• _TASK TO CARRY OUT_: Would you output the listing exactly, with every image omitted?

• _RECORDED DATA_:
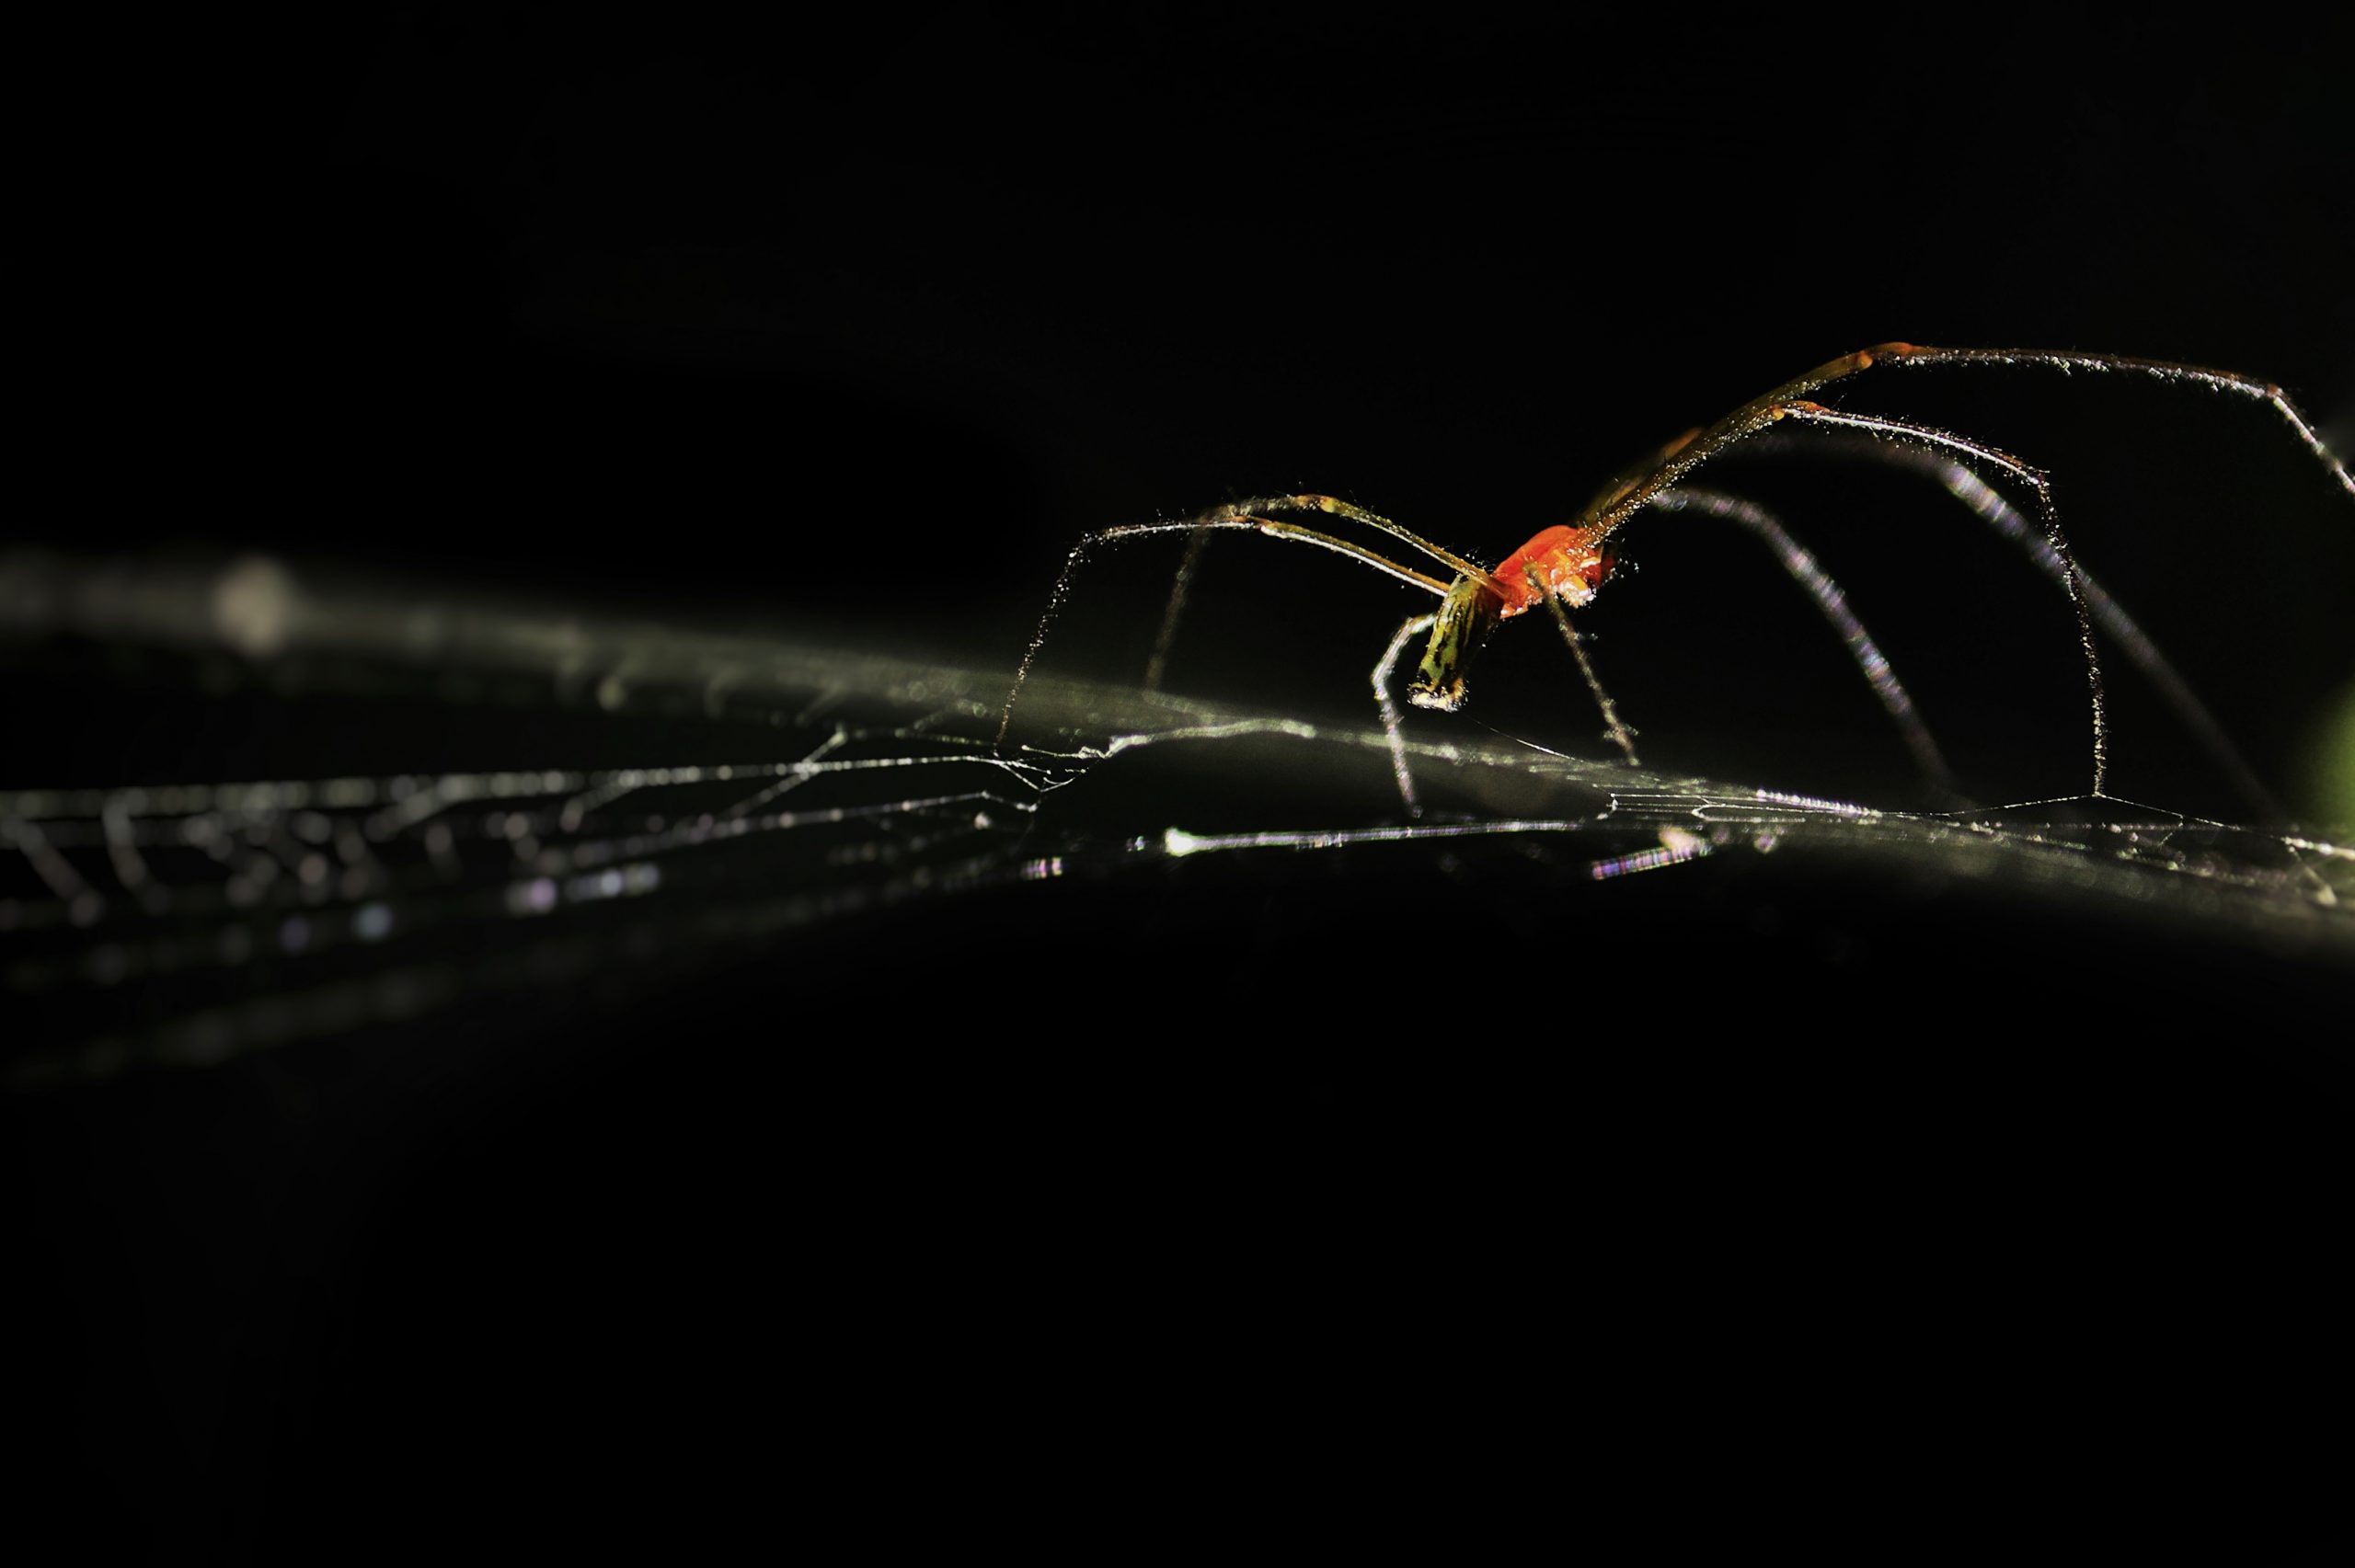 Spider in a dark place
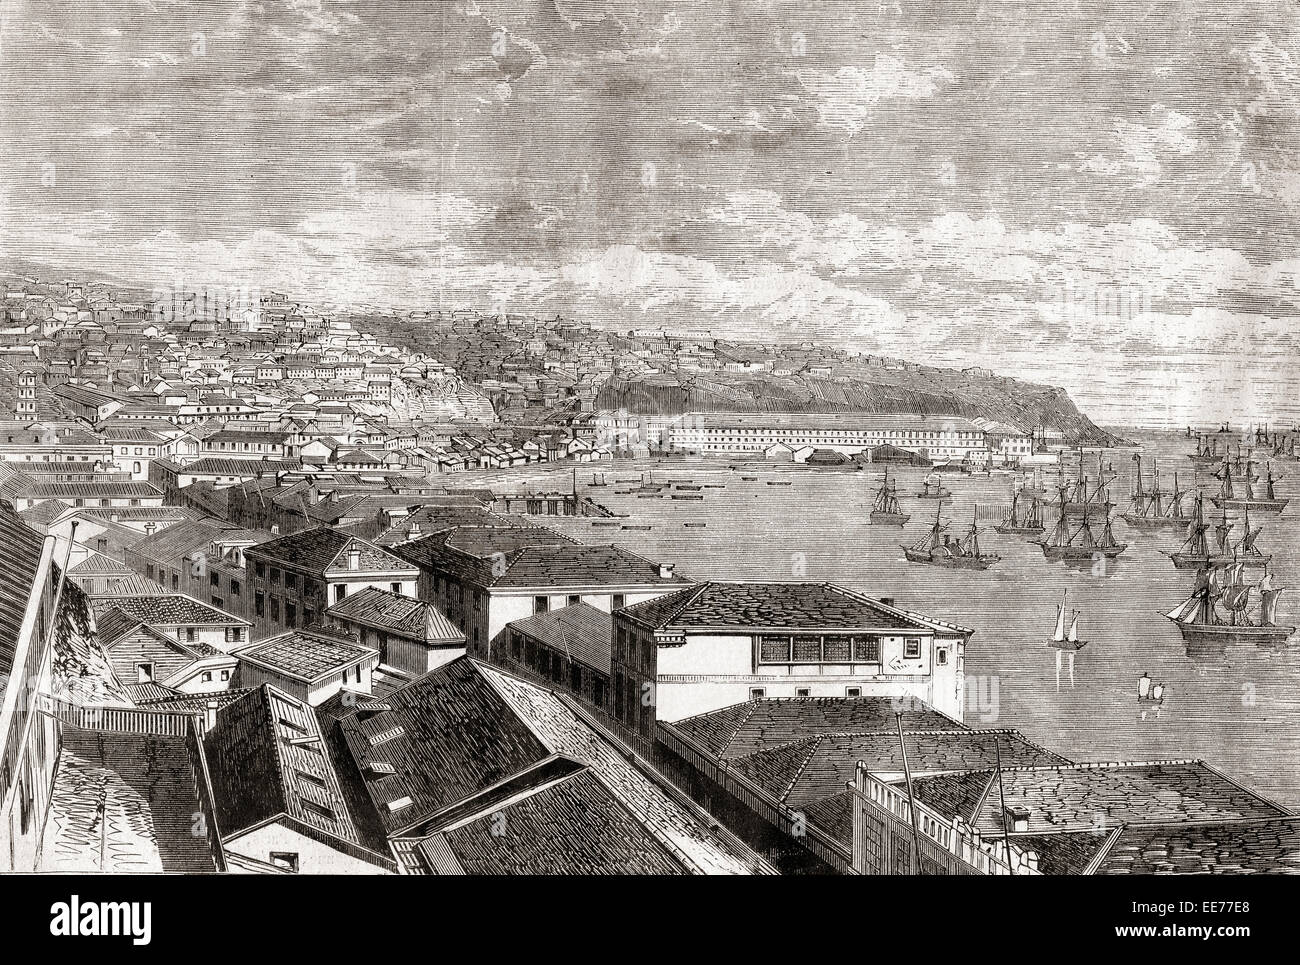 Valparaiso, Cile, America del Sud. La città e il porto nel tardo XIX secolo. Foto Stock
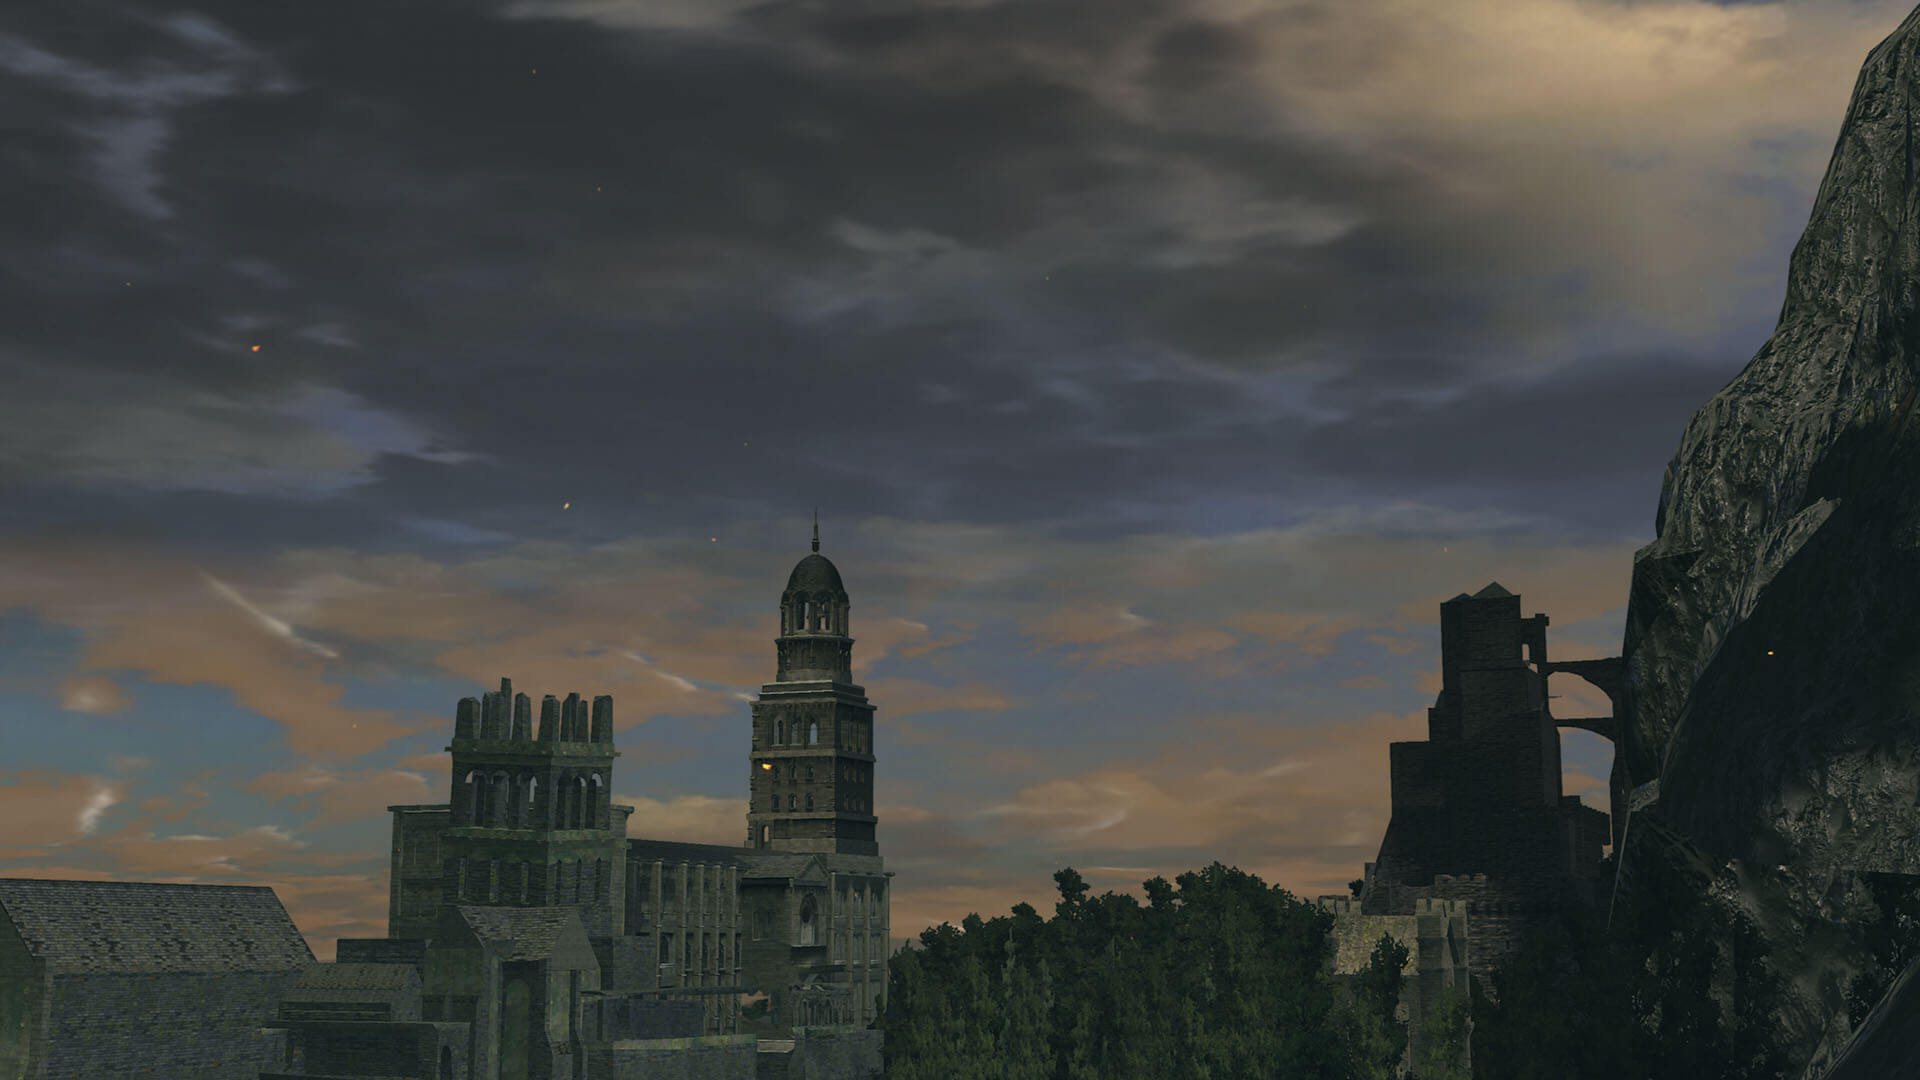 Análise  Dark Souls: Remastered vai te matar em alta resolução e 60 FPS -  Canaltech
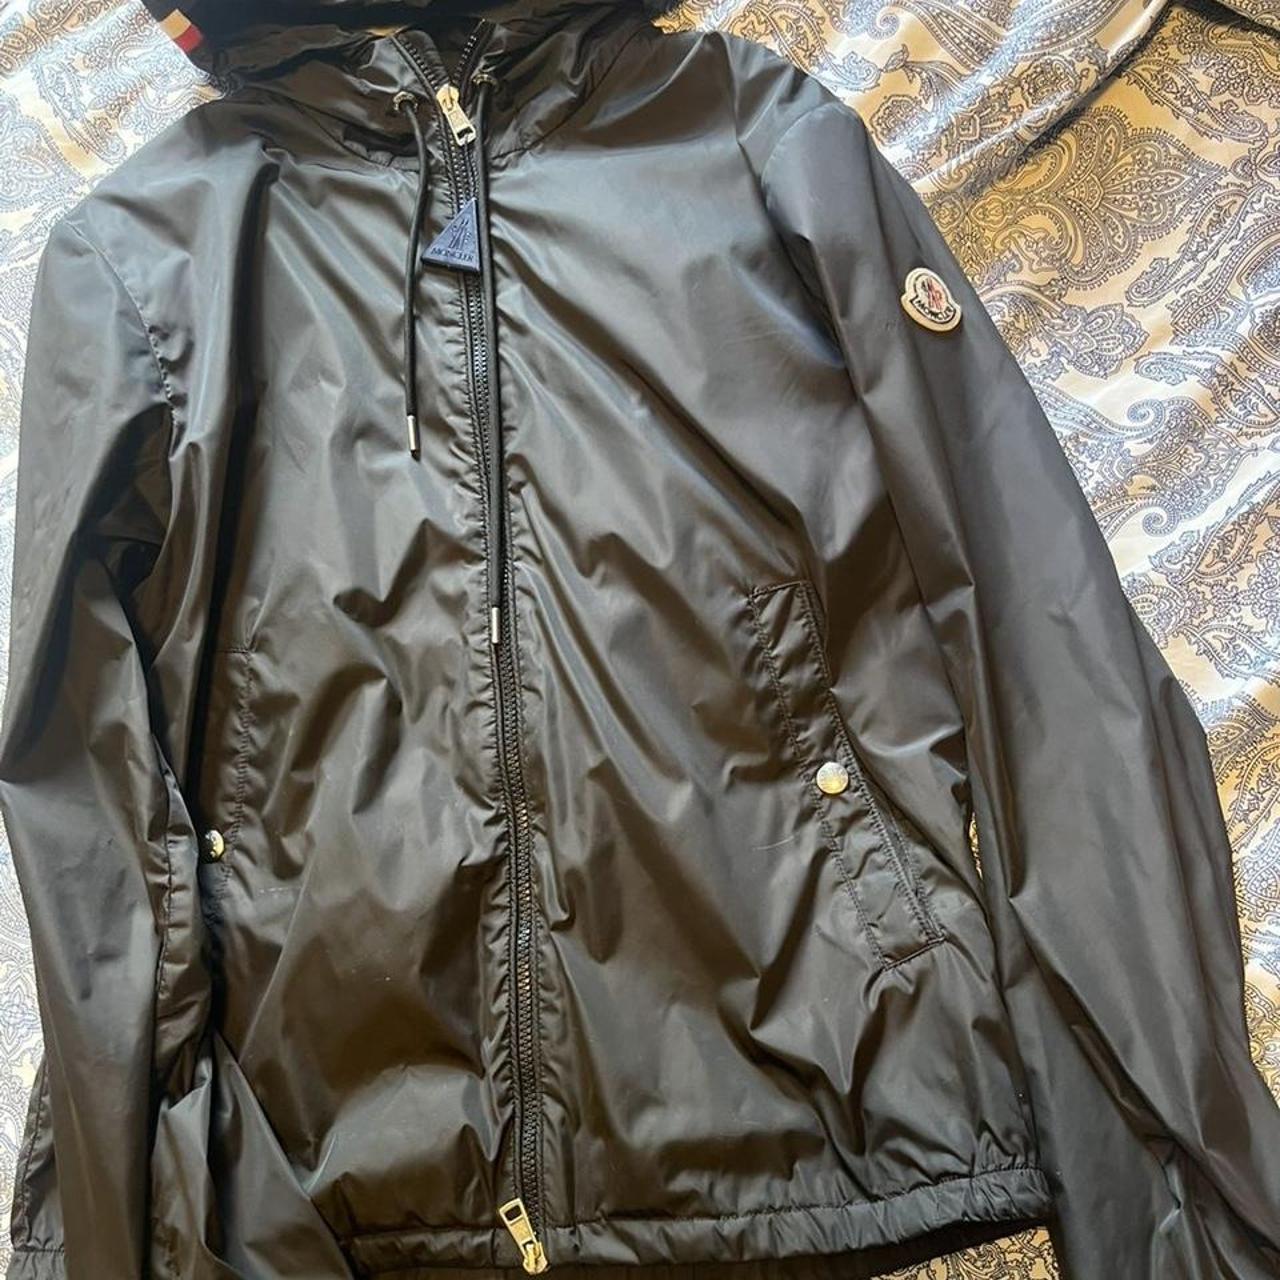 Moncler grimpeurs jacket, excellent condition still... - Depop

• _SOLUTION FOR THIS PROBLEM_:
 Spider in a dark place
 Valparaiso, Cile, America del Sud. La città e il porto nel tardo XIX secolo. Foto Stock
 Análise  Dark Souls: Remastered vai te matar em alta resolução e 60 FPS -  Canaltech
 Moncler grimpeurs jacket, excellent condition still... - Depop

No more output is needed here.